Spanish-born prelate

Julián de Cortázar y Carrillo (15 January 1576 – 31 October 1630) was a Spanish-born prelate of the Catholic Church in the part of New Spain that is now Colombia. From 1618 to 1627 he served as Bishop of Córdoba in Argentina, and from 1627 to 1630 as Archbishop of Santafé en Nueva Granada in New Spain.

== Biography ==
Julián de Cortázar y Carrillo was born on 15 January 1576 in Durango, Biscay, Spain. His father was Juan Martínez de Cortázar.

=== Education and priesthood ===
Cortázar graduated from the University of Oñati, and then taught theology there. He later worked as a professor at the Colegio de Santa Cruz in Valladolid, Castile, and later was the canon of Santo Domingo de la Calzada.

=== Bishop of Córdoba ===
In 1617, King Philip III of Spain proposed Cortázar to be Bishop of Córdoba, and Pope Paul V appointed him on 10 April 1617. He immediately sailed to the Argentina, landing in Buenos Aires in March 1618. He then traveled to Asunción, Paraguay, where he was consecrated as bishop by Bishop Lorenzo Pérez de Grado, Bishop of Paraguay. He then returned to Argentina, beginning his term as bishop with a pastoral visit to many of the cities in his diocese.

Cortázar arrived on 28 September 1617 in Santiago del Estero, the seat of the diocese, where he found the cathedral destroyed by fire and only half rebuilt. He spent the first few years of his episcopacy there, rebuilding the cathedral and correcting certain customs of the local clergy. He then moved on to Córdoba, the namesake of the diocese, where he helped develop the recently founded Jesuit-run University of Córdoba. In March 1620, back in Santiago de Estero, Cortázar was the principal consecrator of Pedro Carranza Salinas, the first bishop of Buenos Aires.

In 1620, Cortázar continued his pastoral trip throughout his diocese, visiting La Rioja, Londres, San Miguel de Tucumán. During a visit to Calchaquí Valleys, the presence of an armed escort with Cortázar alarmed indigenous people, causing them to flee and refuse to meet with him. From there, he visited Salta, San Salvador de Jujuy, and Nuestra Señora de Talavera. He returned to Santiago de Estero in 1621. In the capital, he founded a seminary for the diocese and entrusted its administration to the Society of Jesus.

Throughout his tenure as bishop, Cortázar came into frequent conflict with the governor of Tucumán Province, Juan Alonso de Vera y Zárate, with it once reaching the extent of Cortázar excommunicating him for several weeks.

=== Archbishop of Bogotá ===
On 9 January 1625, King Philip IV of Spain presented Cortázar to be Archbishop of Santafé in Nueva Granada (now the Archdiocese of Bogotá), and Pope Urban VIII appointed him on 7 April of that year.

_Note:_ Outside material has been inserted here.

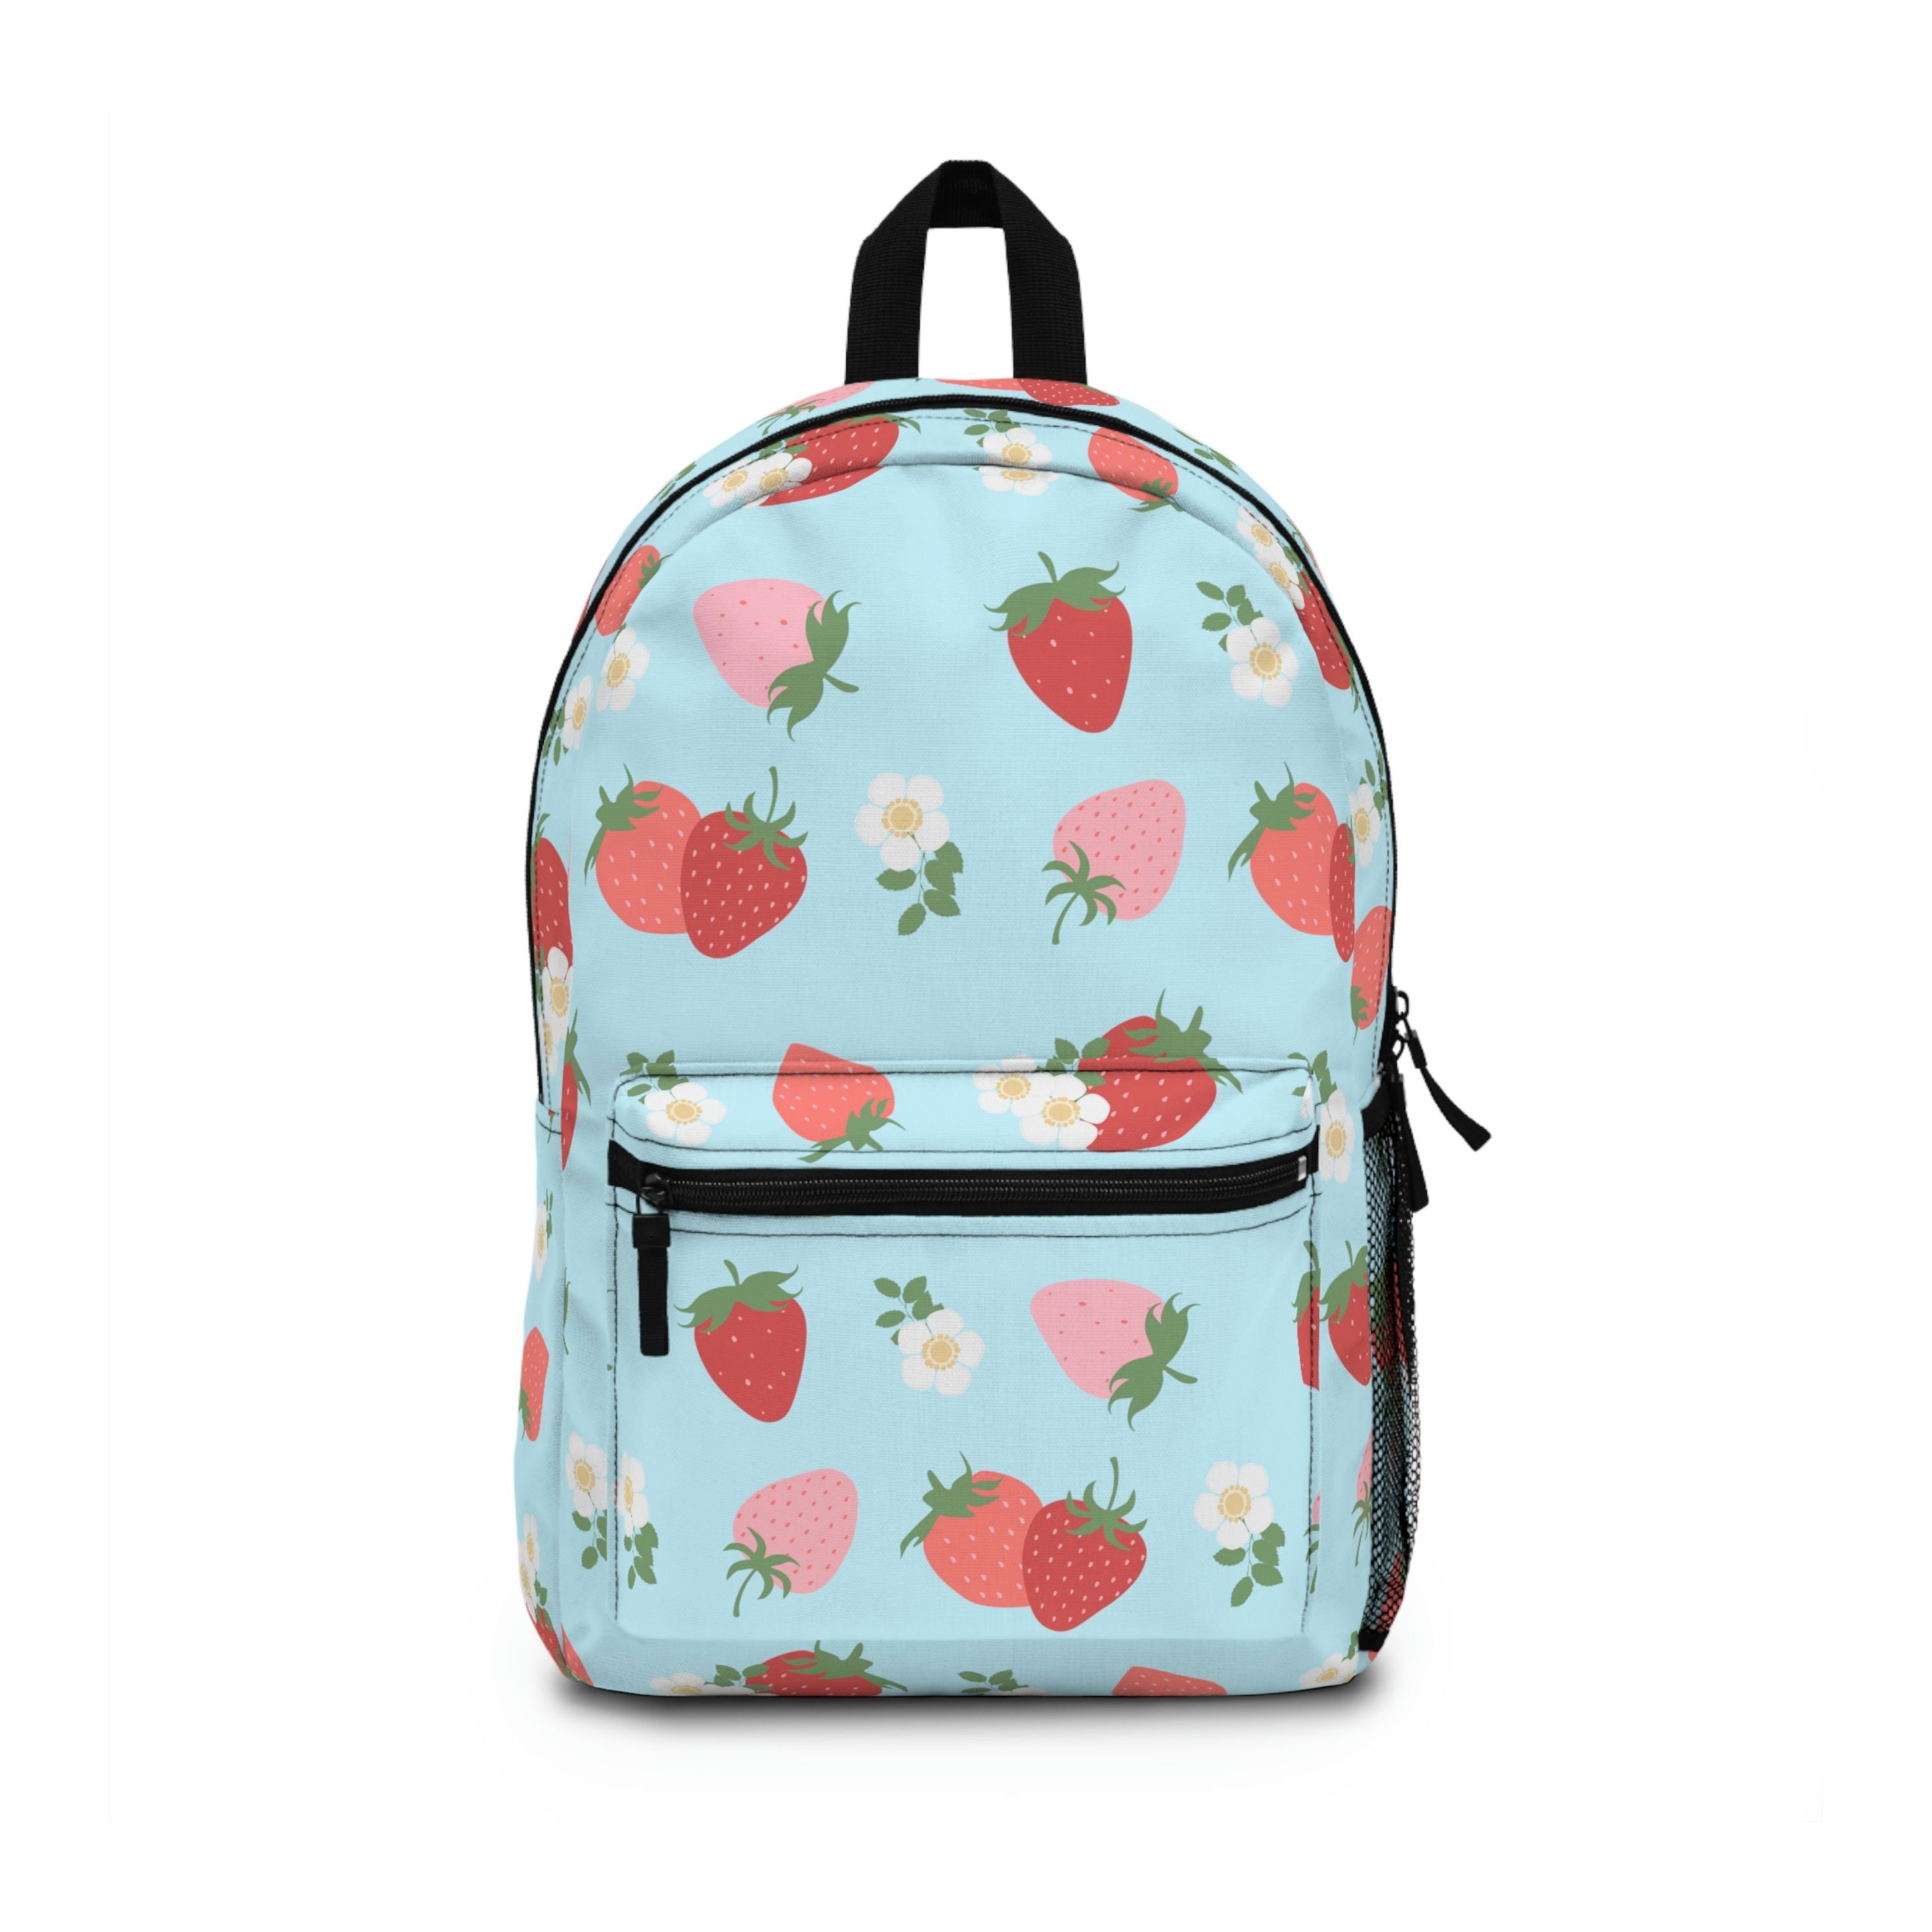  Upetstory Strawberry Backpack for School Girls in 4th Grade  School Bag 6-8 Kids School Backpack with Lunch Box Pencil Case Teens  BookBag

He traveled through Peru and arrived in Bogotá on 4 July 1627, and was installed as archbishop that day. As archbishop, Cortázar expanded the episcopal palace and made a pastoral trip throughout part of the archdiocese.

After three years as archbishop, Cortázar died in Bogotá on 31 October 1630, at the age of 54. He was buried in the Bogotá Cathedral. His legacy includes a street in Córdoba, Argentina, that bears his name.

== Episcopal lineage ==
- Bishop Agustín de Carvajal, OSA
- Bishop Lorenzo Pérez de Grado (1616)
- Archbishop Julián de Cortázar (1618)

==External links and additional sources==
- Cheney, David M.. "Archdiocese of Bogotá" (for Chronology of Bishops) [[Wikipedia:SPS|^{[self-published]}]]
- Chow, Gabriel. "Metropolitan Archdiocese of Bogotá (Colombia)" (for Chronology of Bishops) [[Wikipedia:SPS|^{[self-published]}]]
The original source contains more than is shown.